Alison was also scrupulously honest, a fact that triggers the decisive episode in the first novel. She was loyal to family and friends. Not in a loud, showy way, but quietly. Yet there was nothing prissy about Alison. A genuine person shines through.
On top of all that were the wonderfully authentic settings for her adventures, the rugged and beautiful north-west Highlands of Scotland around Sutherland and Wester Ross. And those settings filled me with longing too.
But you can’t have Alison without her creator, who very deliberately chose to give Alison a personality that would be an inspiration to her young readers. That creator was Mary Westwood (1892-1974), who wrote as Sheila Stuart. The daughter of a Church of Scotland minister, she served in the First World War as a nurse in the VAD (Voluntary Aid Detachment). Afterwards, she trained as a journalist in Dundee.
Although Sheila Stuart was writing contemporaneously with Enid Blyton, their different backgrounds and experiences are evident in their writing; in the worlds they described and the characters of their protagonists.
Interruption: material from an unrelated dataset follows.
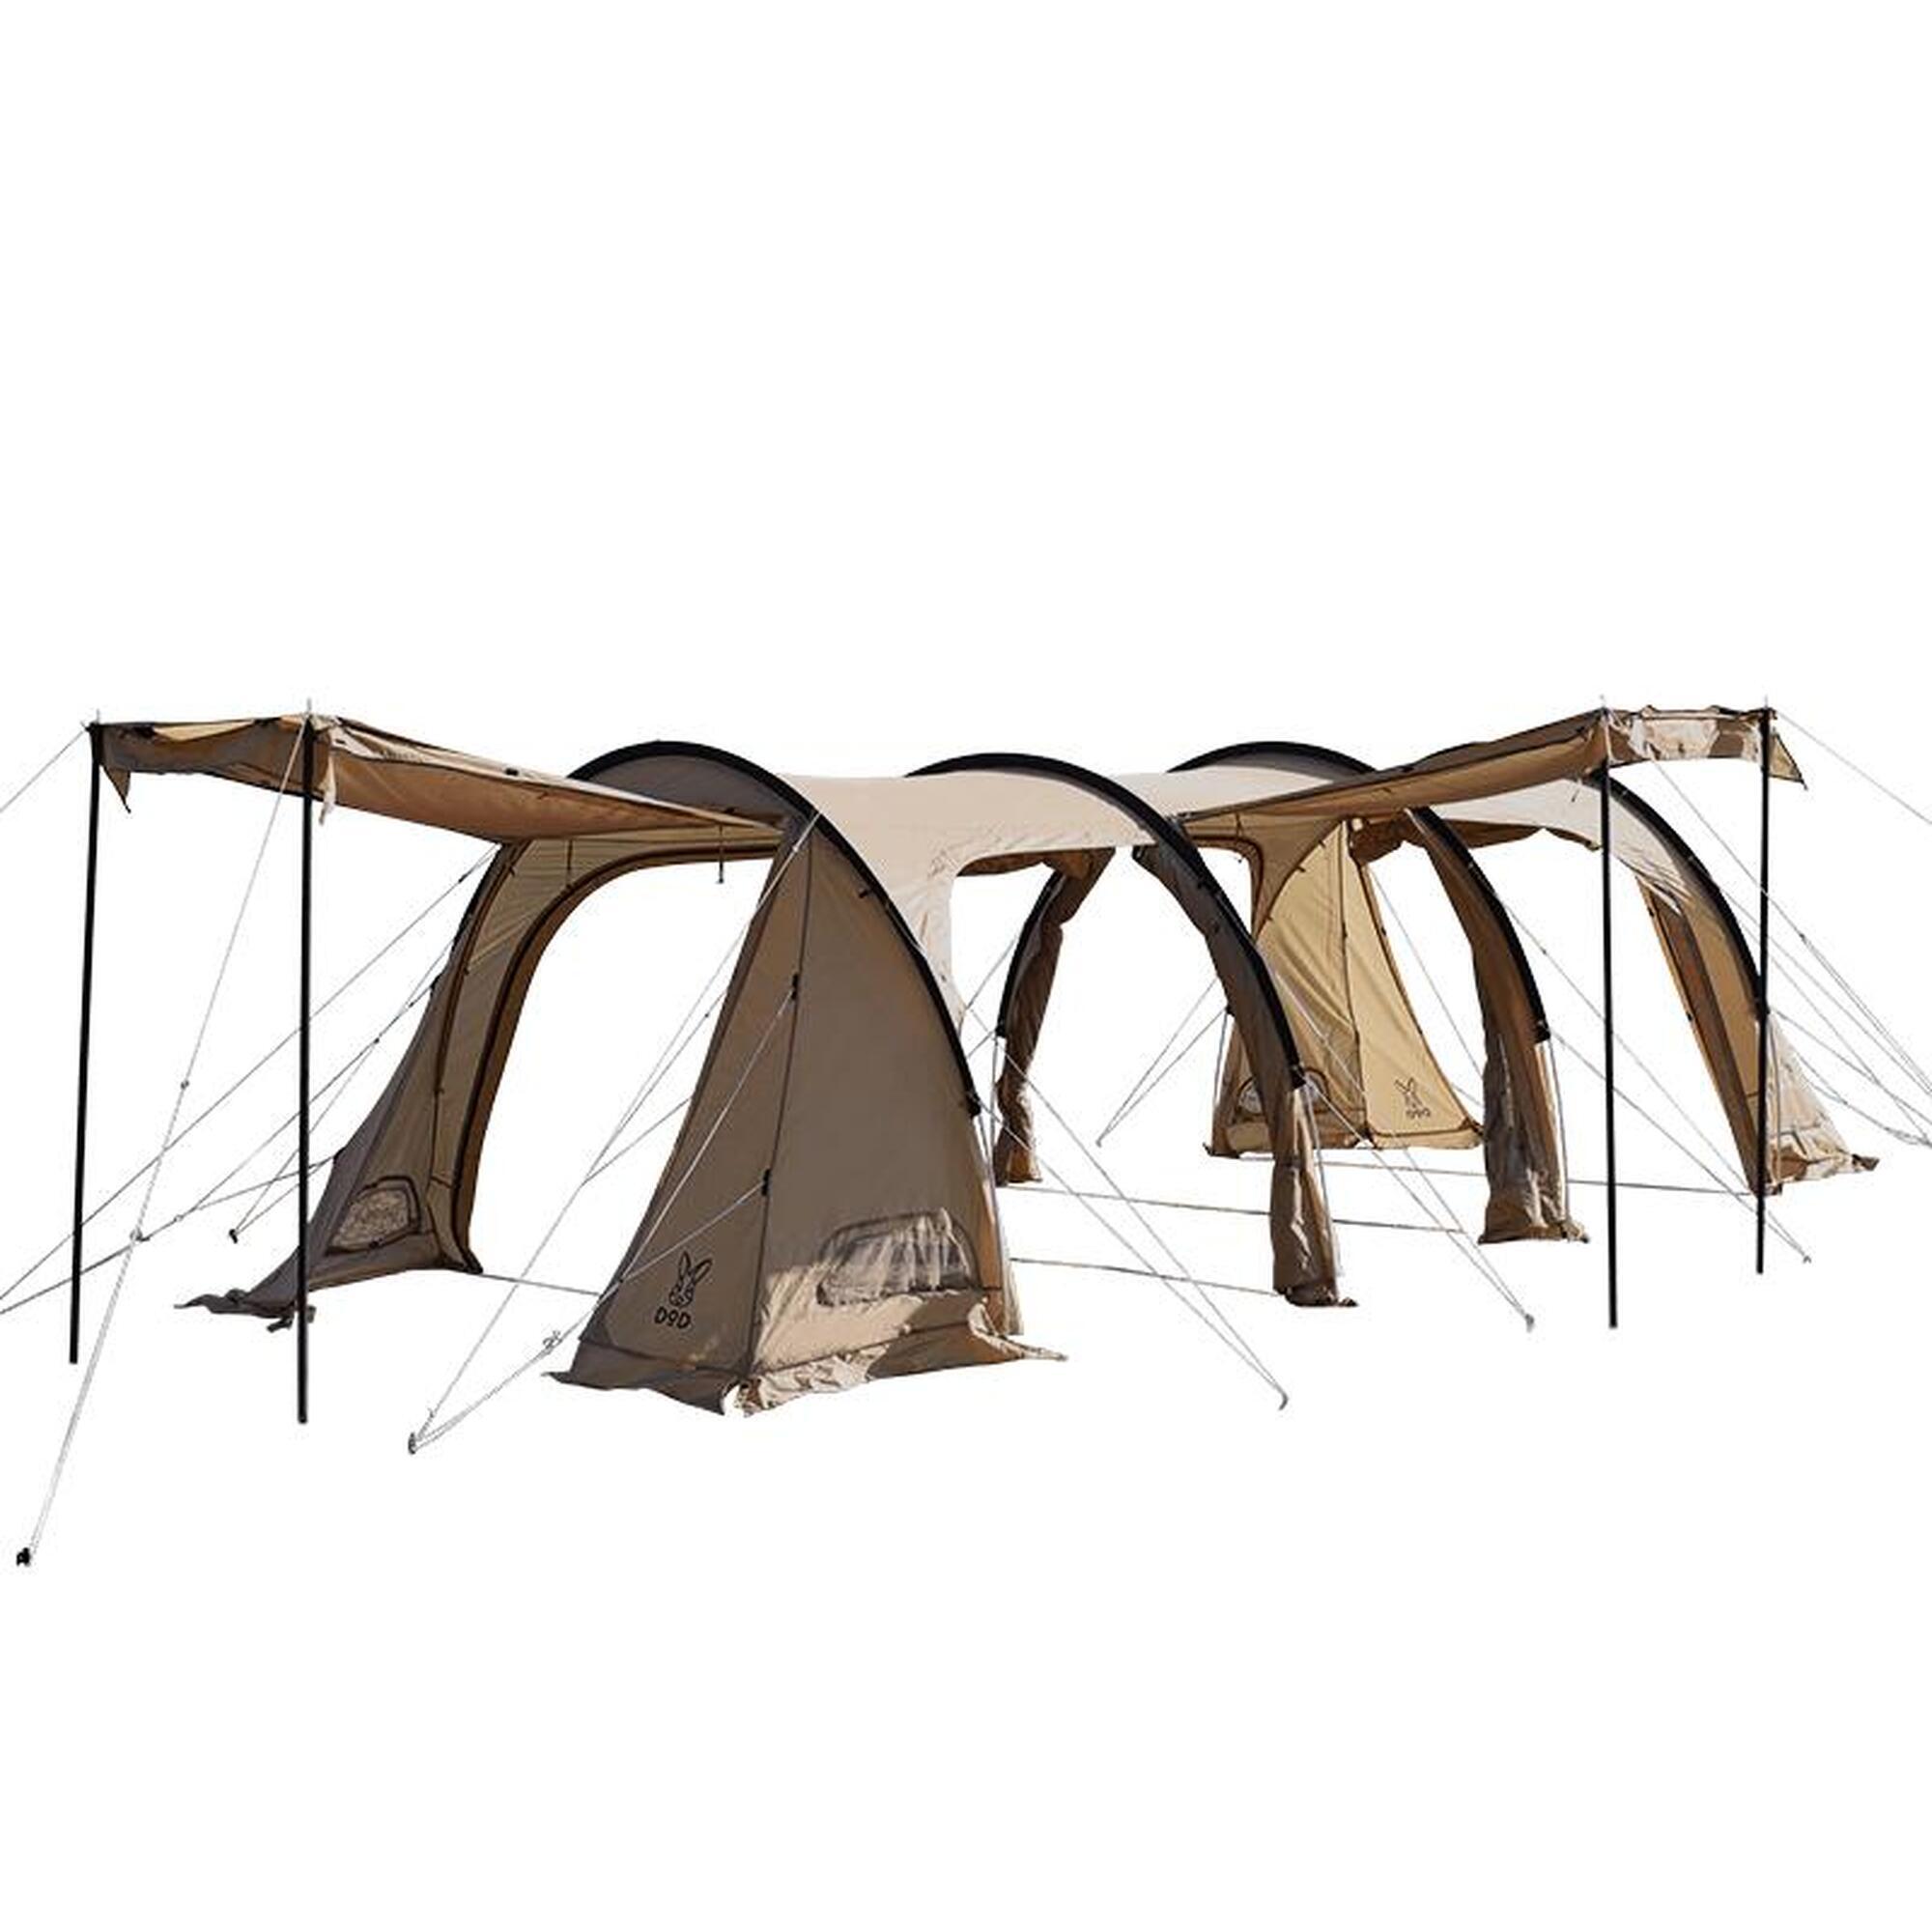 KAMABOKO TENT 3 (M) T5-689-TN 5 Person Camping Tent - Tan

Sheila Stuart was an intelligent, well-educated Scotswoman, who quietly, but with determination, pursued the course in life she wanted, continuing to work even after marriage, which was rare in those days. In the stories, Alison’s older sister Mary is studying to be a doctor at Edinburgh University, again an unusual role model for the time. The Alison books were hugely popular, wonderful tales of ‘courage, determination and adventure’.
Such was the positive influence they had on me that many years later, when my first child was born, a girl, I named her Alison. And year in, year out, we head north to visit, explore and immerse ourselves in that splendid, incomparable part of Scotland. So thank you, Sheila Stuart – and Alison!
About the author:
Vivien has been a librarian, museum worker, translator and historical researcher, and currently works with her local library service. She has travelled widely throughout Eastern Europe and to many of the former Soviet states, and written about those experiences. A keen walker and historian, Vivien is a frequent visitor to the Highlands and Islands of Scotland and writes regular articles for Scottish Islands Explorer and iScot magazines.
I loved reading about both these authors. And I’d heard of neither before. How I would have loved to have read the ‘Alison’ books when I was a child. Though i confess, I never did read Enid Blyton. I think my local librarian mustn’t have liked them and not stocked them, because i read all the library stock! Thanks so much for this blog, Louise. Can’t wait to read more.
Thanks, Magi!
Thank you, Louise. You’re the only person I’ve heard of who read those Alison books. I think some of them were re-released last year or the year before. Good to know I wasn’t the only person who loved them.
Thanks for reading, Jean! Though credit must go to contributor Vivien Martin, for writing about the Alison books and drawing this heroine to our attention!
What a great idea. As someone working in Scottish Children’s Literature I am ashamed to admit I hadn’t come across Sheila Stuart but immediately intend to track down these books and read them thanks for adding this author to my list.
It’s lovely to know others enjoyed the ‘Alison’ books as well! The original editions were all published by Blackie, but Fidra Books in Edinburgh republished two titles. ‘Alison and the Witch’s cave’ and ‘Alison’s Christmas Adventure’ about eight or nine years ago. I also like the different covers that appeared over the years: they tell their own story about changing times!